* PROMPT
Copy the records below exactly, starting at the line that contains "Bill Gates Quote" and ending at the line that contains "Baton Rouge, LA, USA."; leave out any pictures.

* MATERIAL PROVIDED

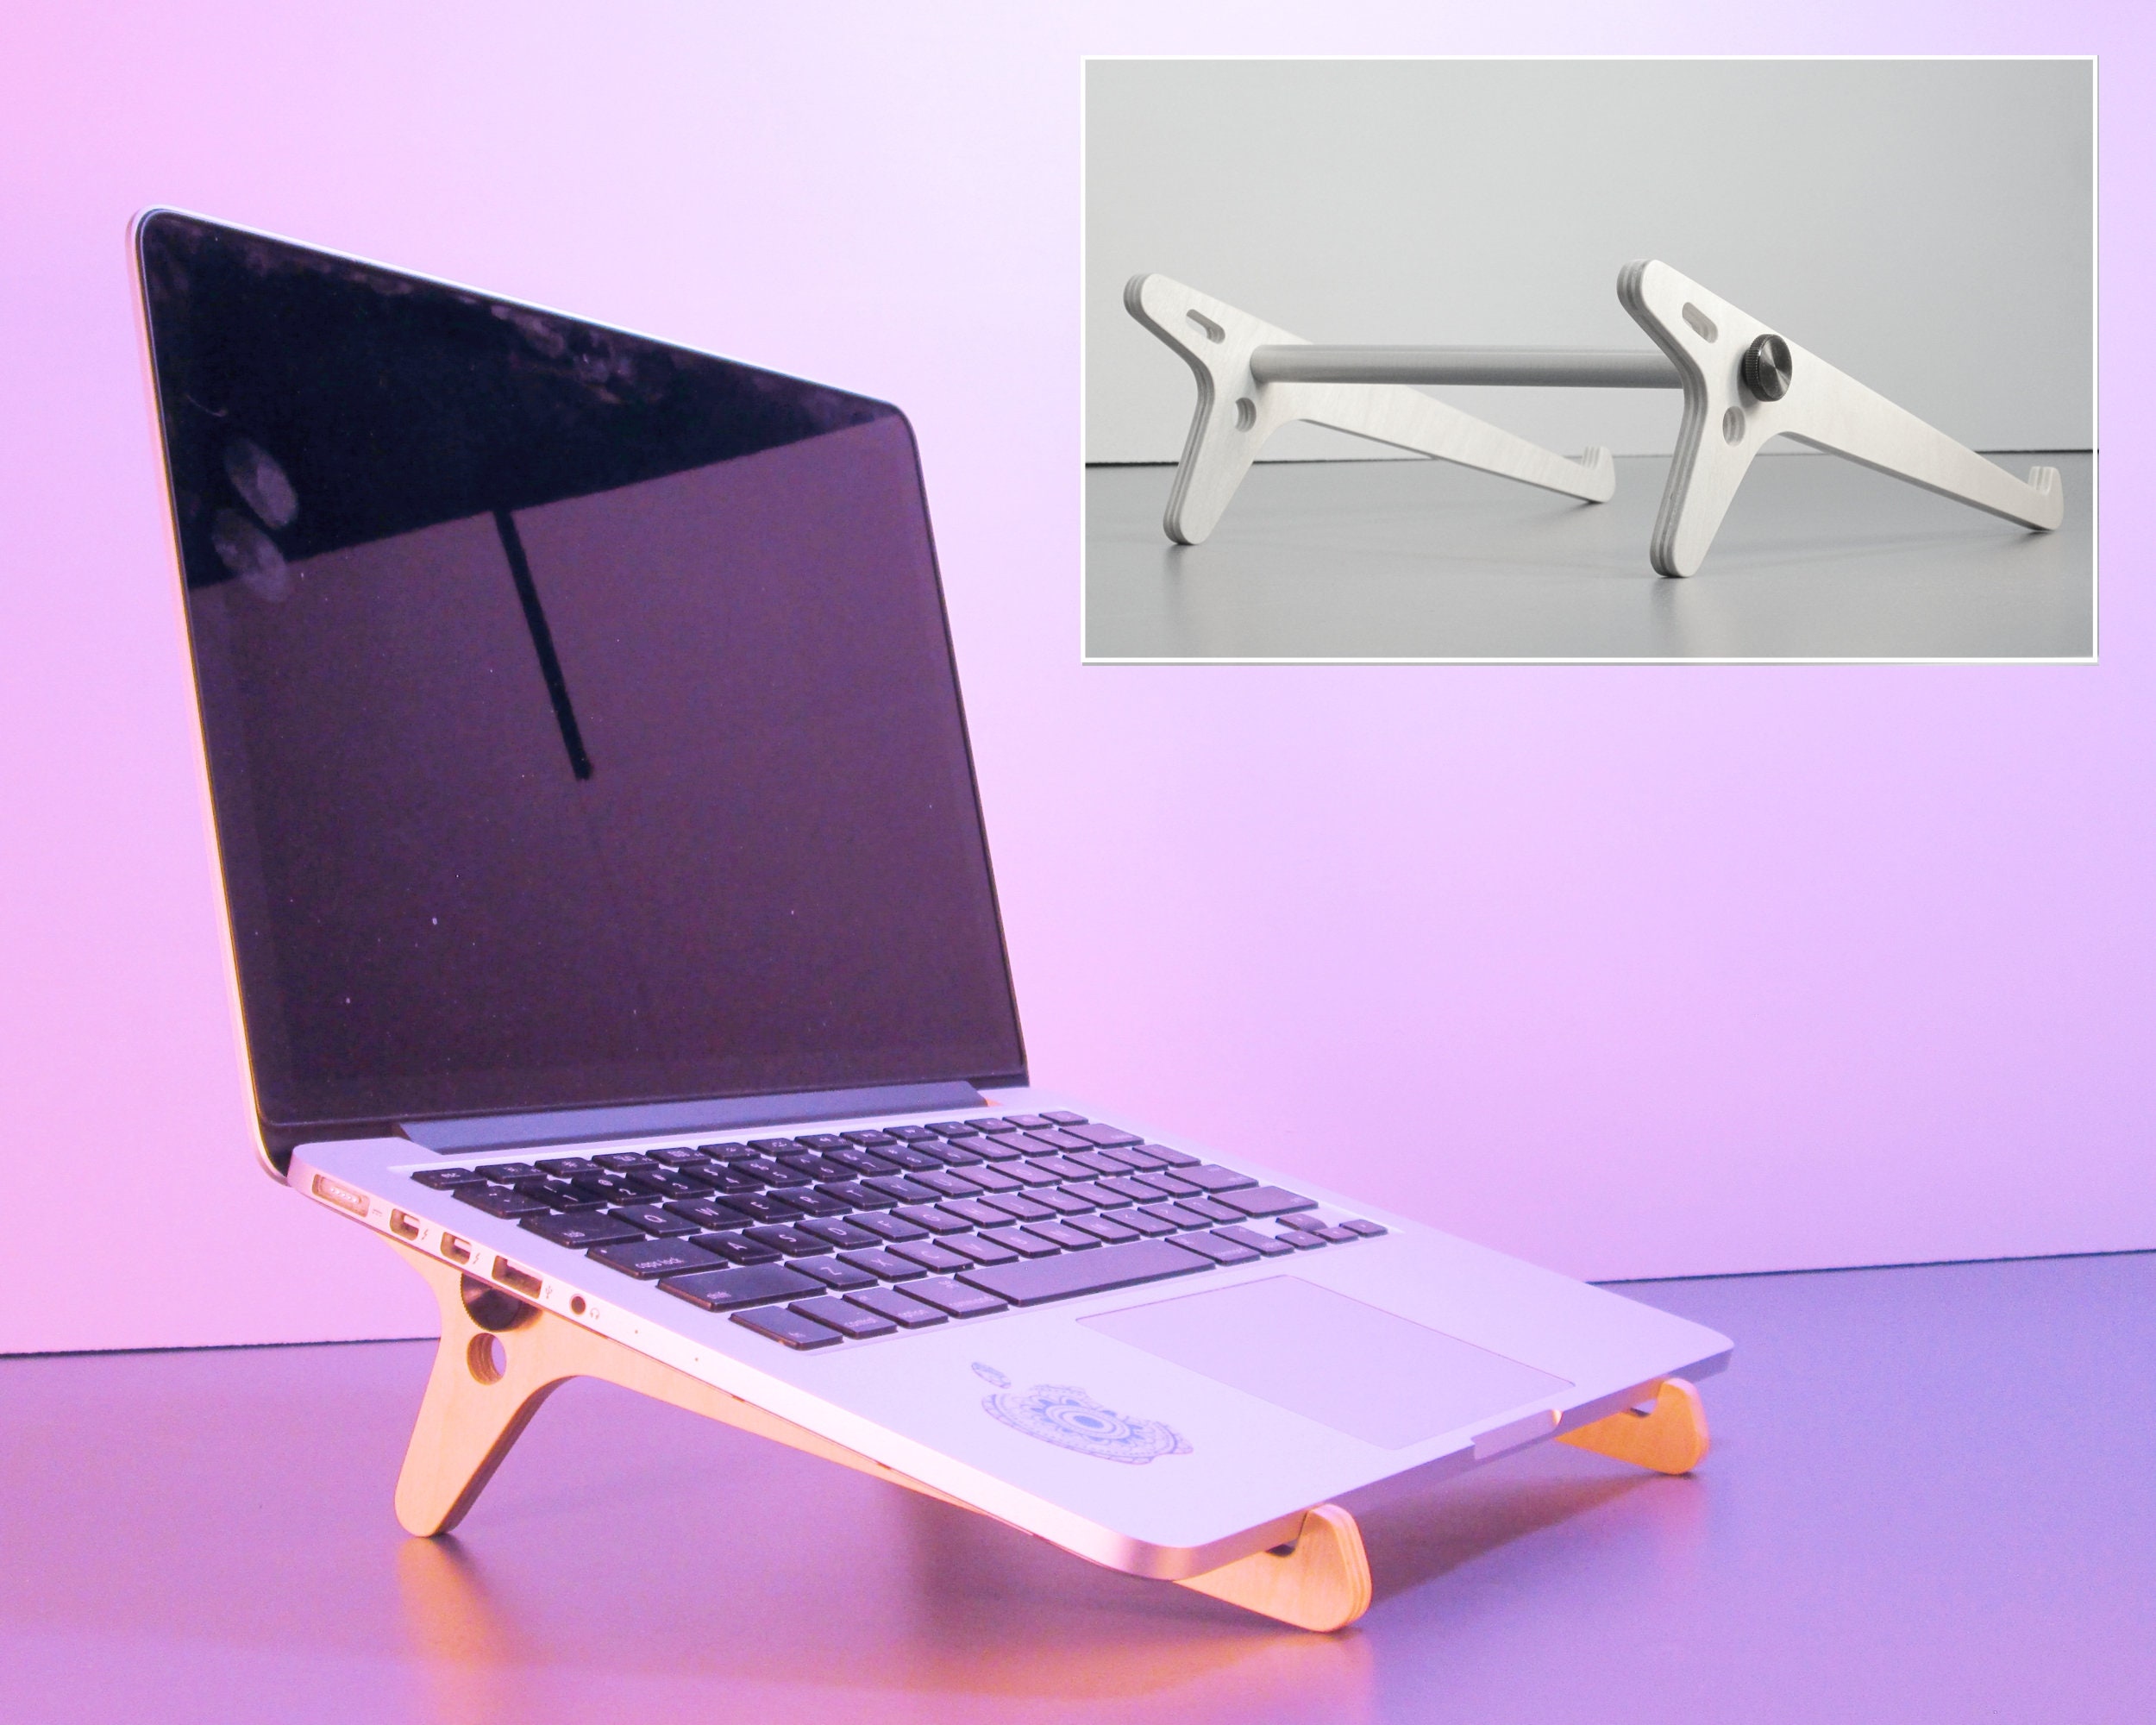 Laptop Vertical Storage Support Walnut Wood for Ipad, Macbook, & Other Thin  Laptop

---

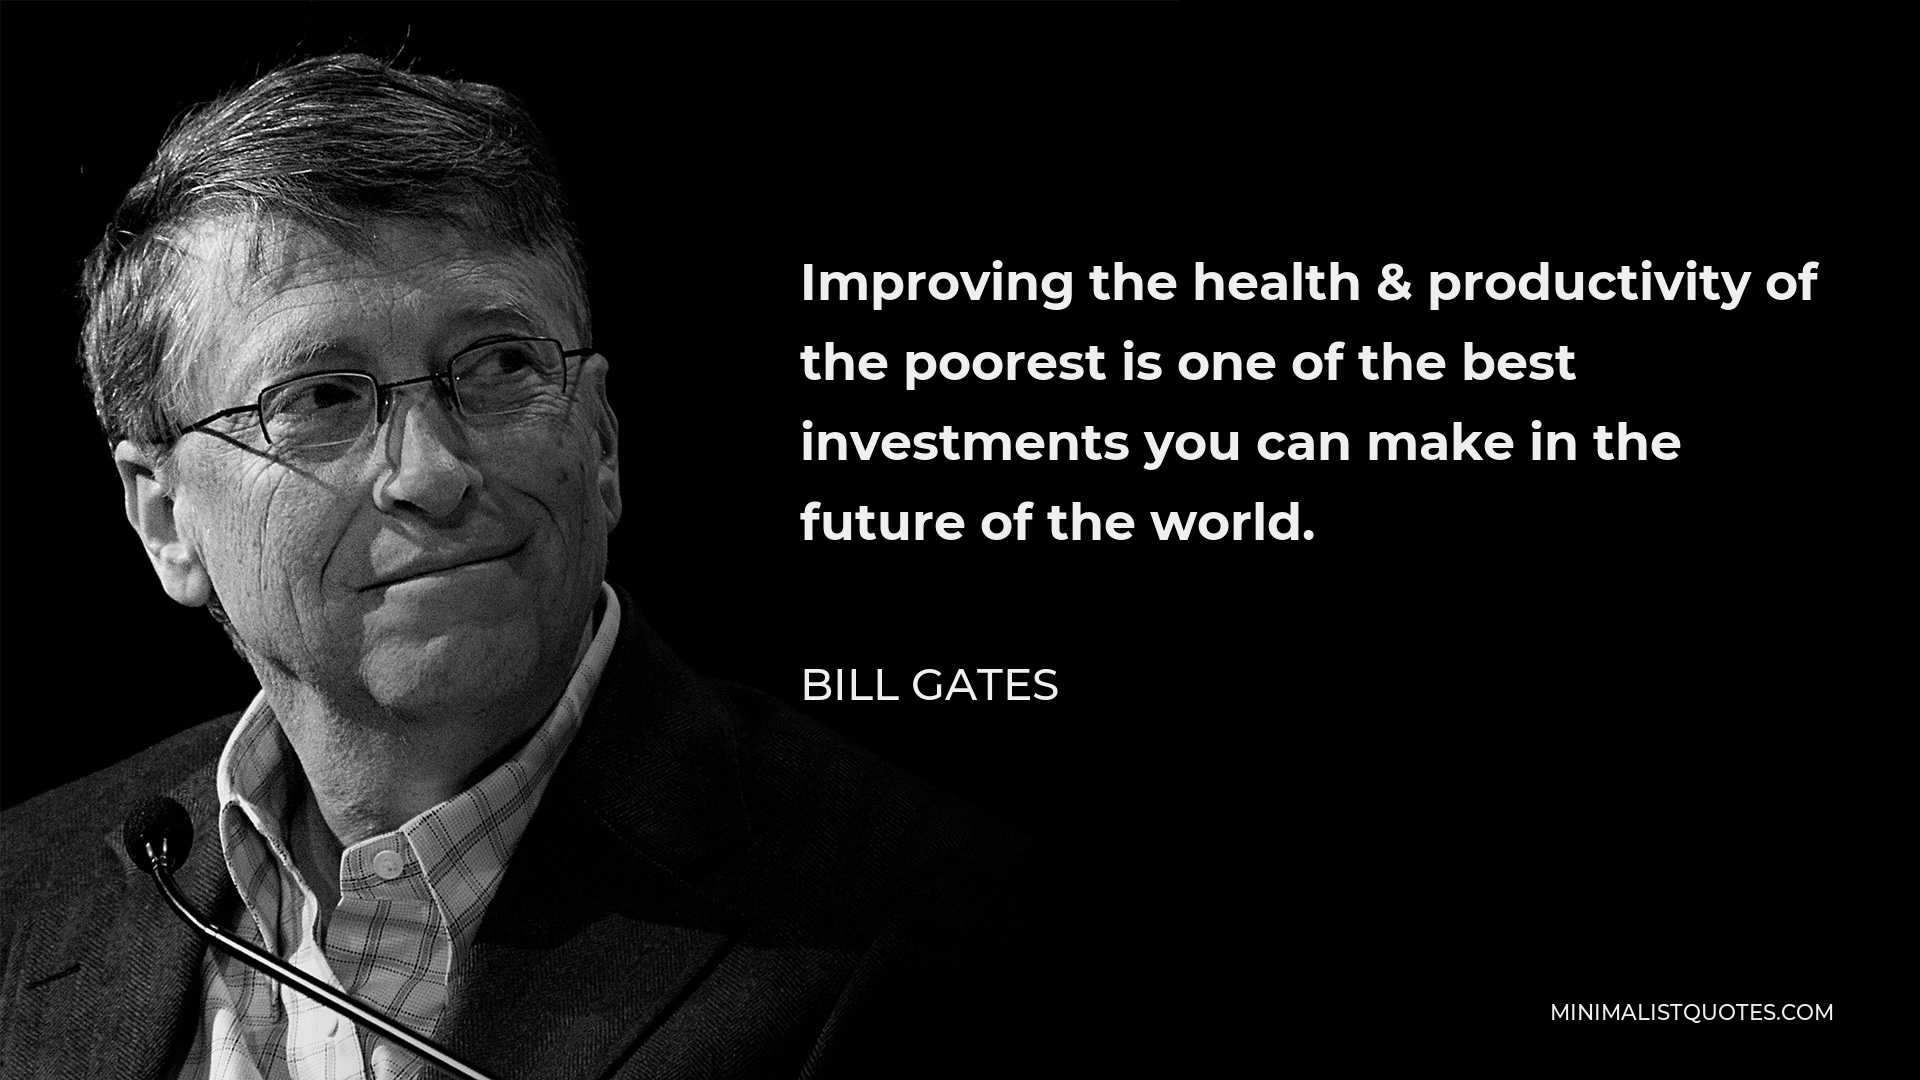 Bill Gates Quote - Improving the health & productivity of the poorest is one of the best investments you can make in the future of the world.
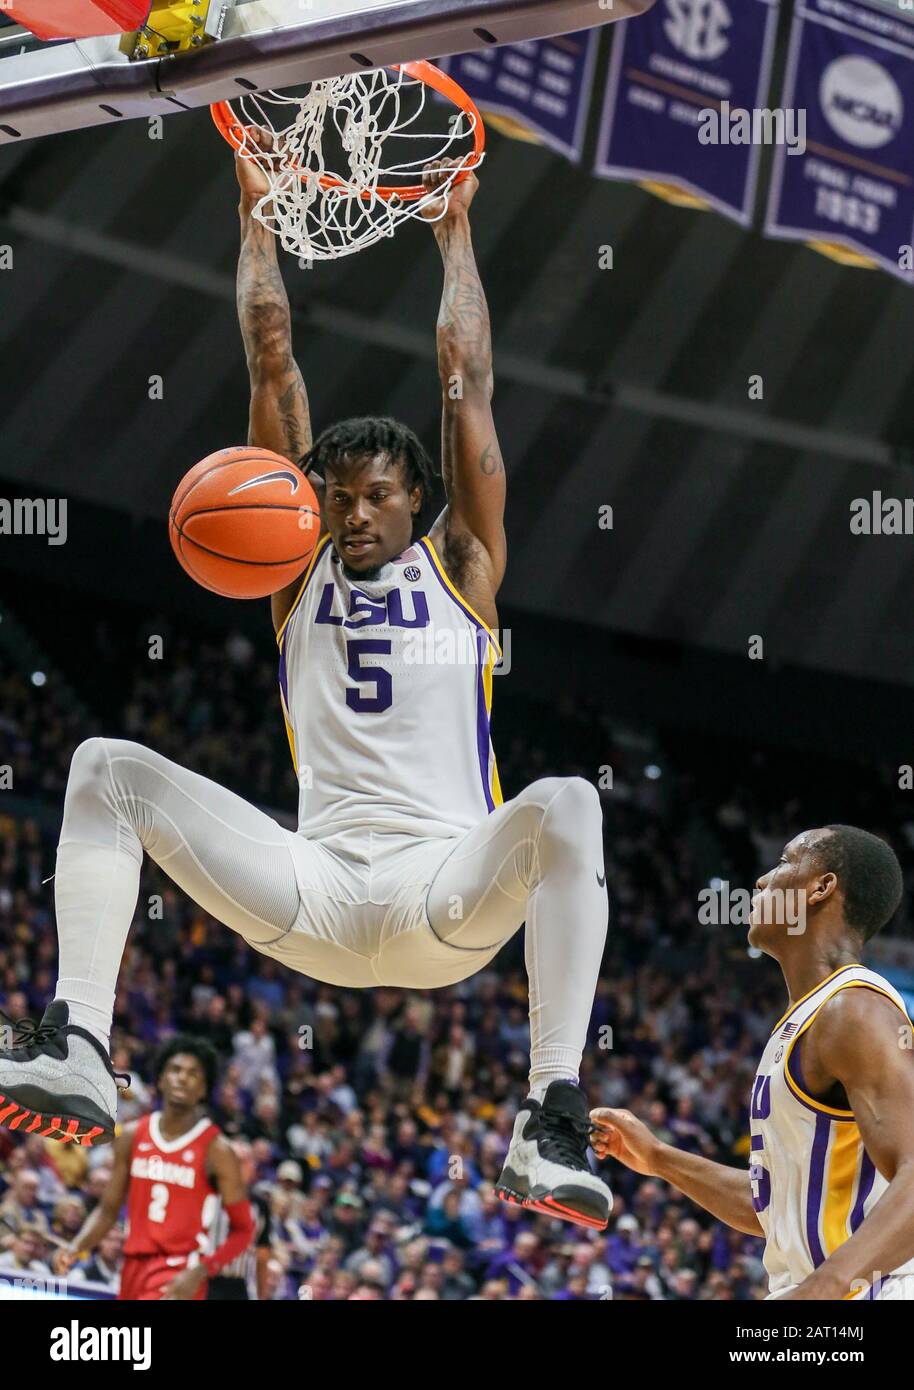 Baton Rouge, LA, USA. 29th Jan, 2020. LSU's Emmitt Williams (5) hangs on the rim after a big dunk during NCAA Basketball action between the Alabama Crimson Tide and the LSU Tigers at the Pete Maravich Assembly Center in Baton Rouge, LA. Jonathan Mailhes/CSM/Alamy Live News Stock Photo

* ANSWER SECTION
 Bill Gates Quote - Improving the health & productivity of the poorest is one of the best investments you can make in the future of the world.
 Baton Rouge, LA, USA. 29th Jan, 2020. LSU's Emmitt Williams (5) hangs on the rim after a big dunk during NCAA Basketball action between the Alabama Crimson Tide and the LSU Tigers at the Pete Maravich Assembly Center in Baton Rouge, LA. Jonathan Mailhes/CSM/Alamy Live News Stock Photo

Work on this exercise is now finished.